On the other side of the room, Meghan wants to make sure that Shannon is okay with her and she brings up the time when Shannon’s eyes spit fire mixed with hazardous chemicals because her husband deigned to look at another woman, and Shannon tells her that Meghan was not the issue.  The issue was that David never drinks and he did that day and then he didn’t introduce her to a woman he was standing next to and Meghan smiles thinly and backs the fuck away, which is where she should have stayed, but we’ll get to her misstep in a moment.

First there’s a winery with sex dolls to visit!  The entire group takes the bus to the vineyard and the owner allows them to taste the wine straight from the barrels.  Heather allows the guy to use the long instrument that extracts the wine and then waits for him to pour it into a glass before she takes a sip, but Tamra insists that she suck off the instrument and she puts it directly into her mouth and then wipes the corners of her lips like she just blew a guy covertly in a basement.  Meghan follows Tamra’s lead and Tamra now really likes Meghan in much the same way she likes Lizzie after their anal sex bonding session.  

Tamra is just extremely classy and such a girl’s girl.  She’d never betray you – said nobody ever.

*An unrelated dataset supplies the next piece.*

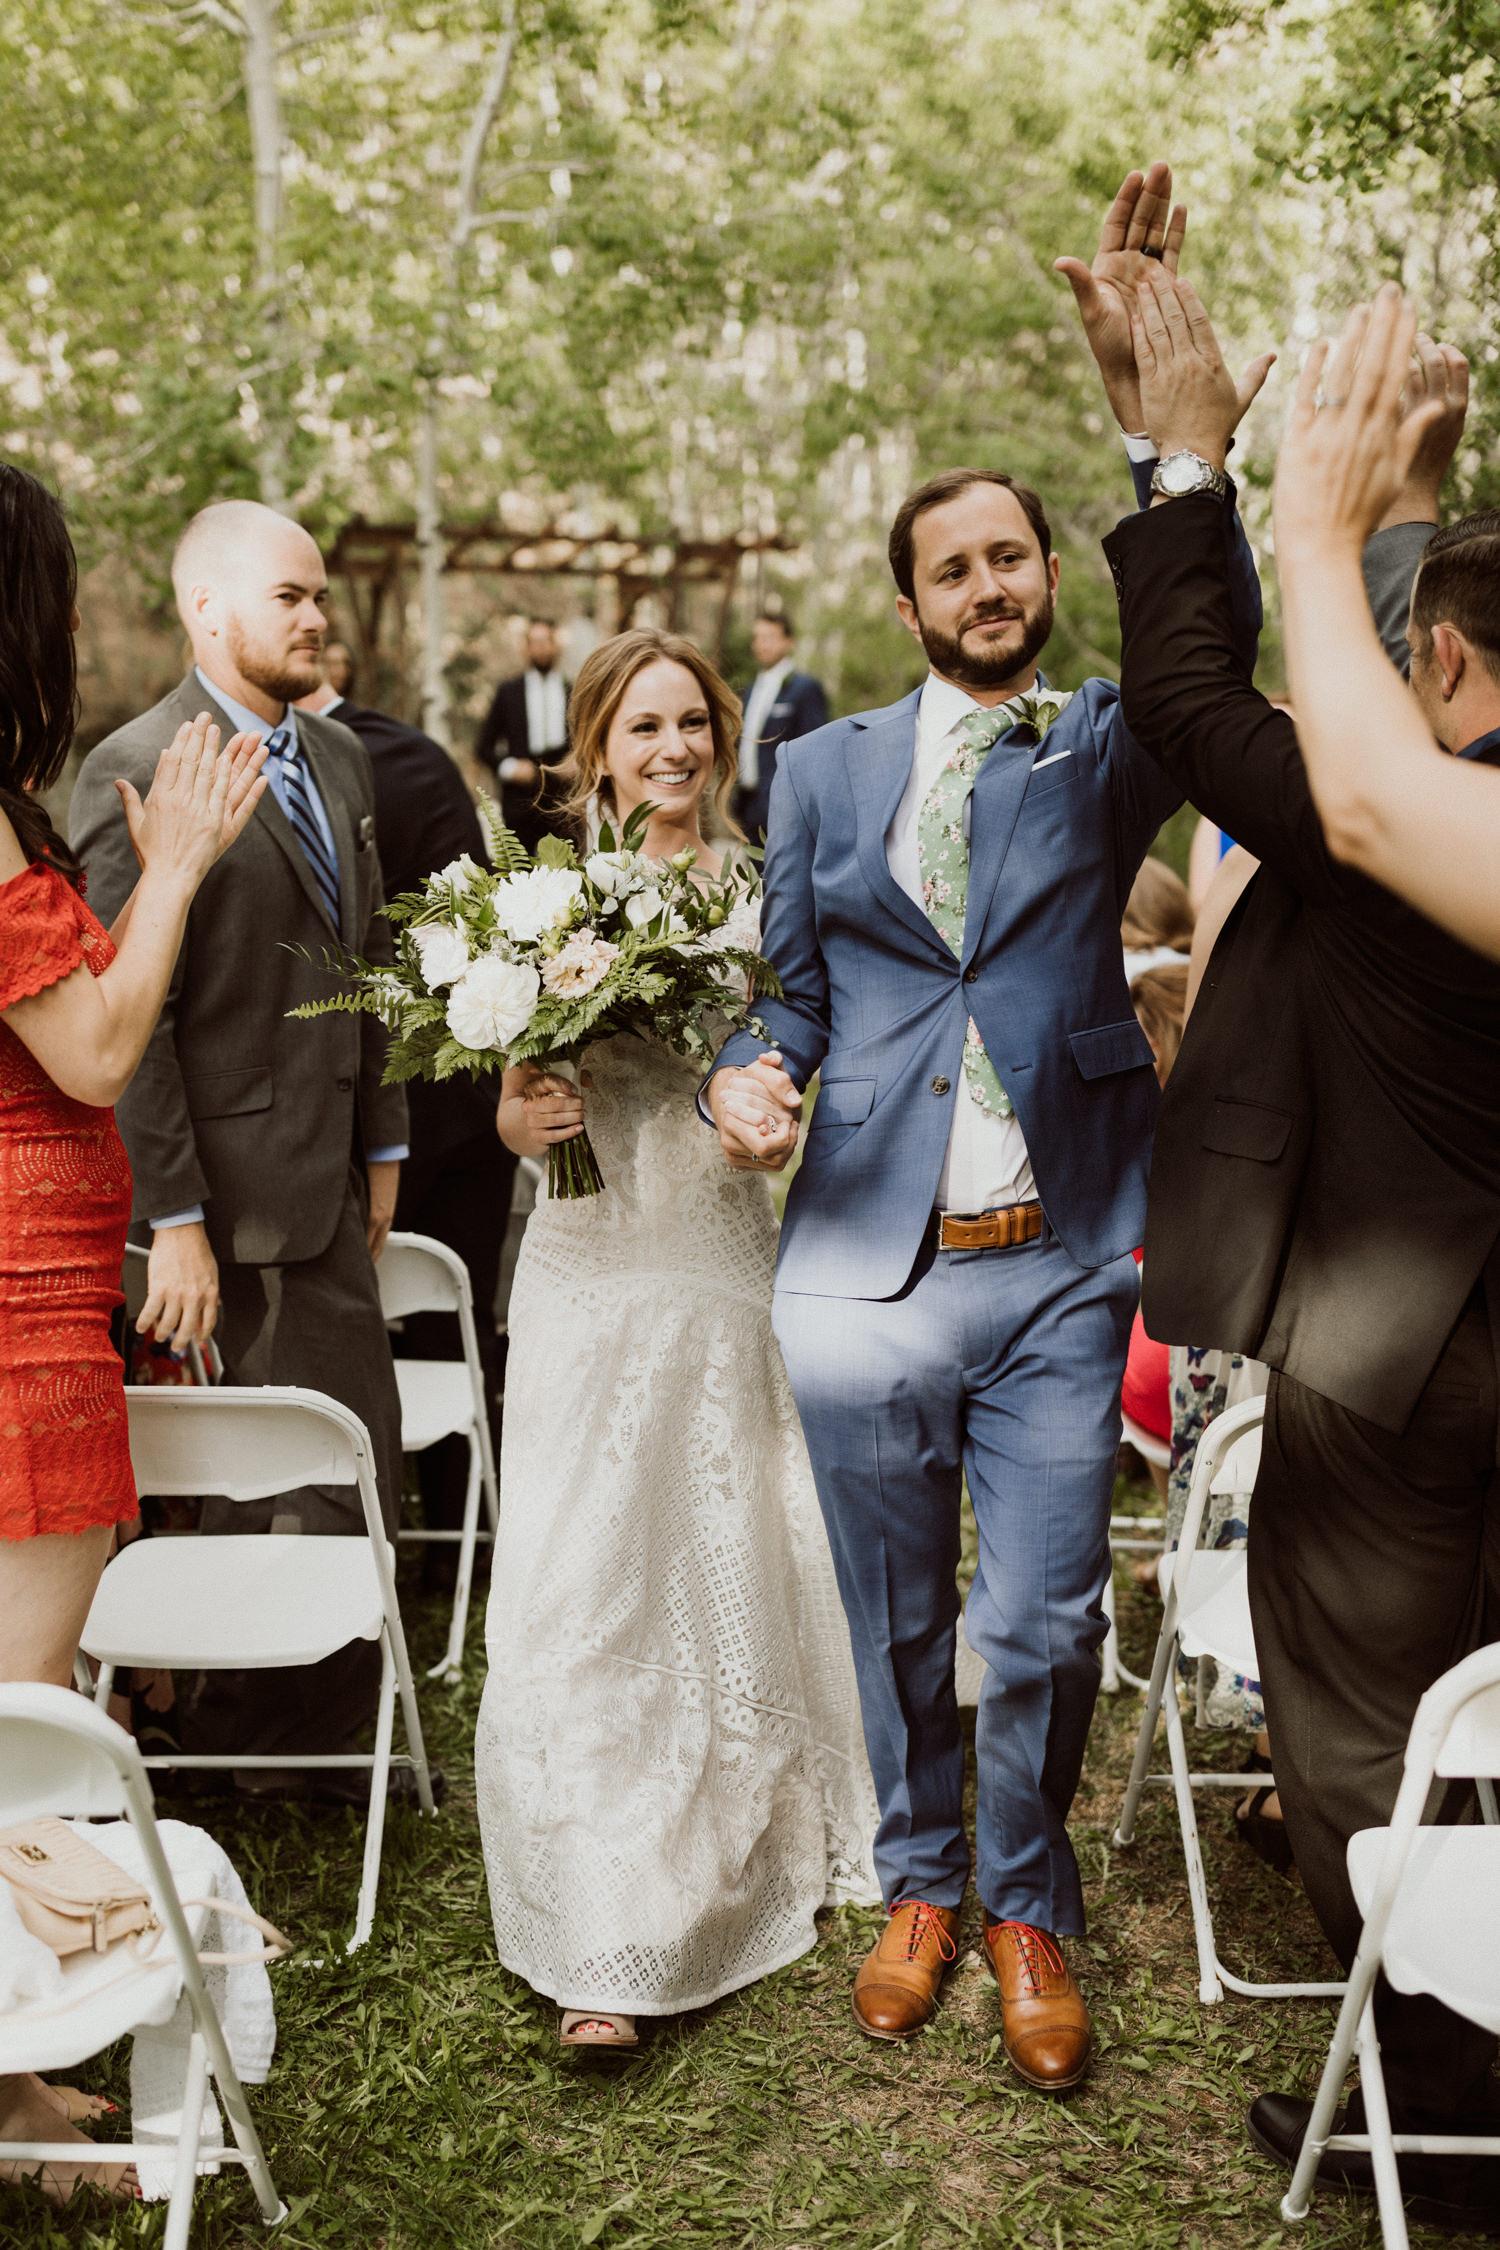 bohemian-backyard-wedding-breckenridge-colorado-90.jpg

On the last night in Napa, the group attends a dinner at a home that has a pizza oven – and that means that I’d like to live there – and Heather makes yet another toast about her love of bubbles and it’s all silly and light and then Shannon basically throws up all over the festivities and the vomit is chunky and impossible to dry clean.  I think that Meghan should have just left it all alone now that Shannon has tossed away the maps she had been carrying of places to bury Meghan’s body, but Meghan calmly explains that she was offended when she called Shannon to ask about the appetizers for the charity and Shannon was so dismissive of her on the phone.  Bad move, Meghan.  Only normal people can hear an honest statement and explain or apologize or calmly disagree.  

Shannon is not normal. 

Shannon was annoyed that Meghan didn’t use her married name when she called her.  Shannon is furious that Meghan contacted her on a cell phone that has a number so private, even her army of therapists and homeopaths don’t know the number.  Shannon cannot believe Meghan called her when her children were in the car with her.  Shannon can hardly think straight through the rage that boils within her like her entire body is a cauldron when Meghan talks about how she’s just trying to do something for charity, but she finally regains her strength and stands up and announces, “I start charities, Meghan!” and then she walks away, refusing to deal with being attacked by the woman who didn’t raise her voice even once.

Thank goodness the rest of her life is brimming with such joy or I’d really be concerned for Shannon’s wellbeing.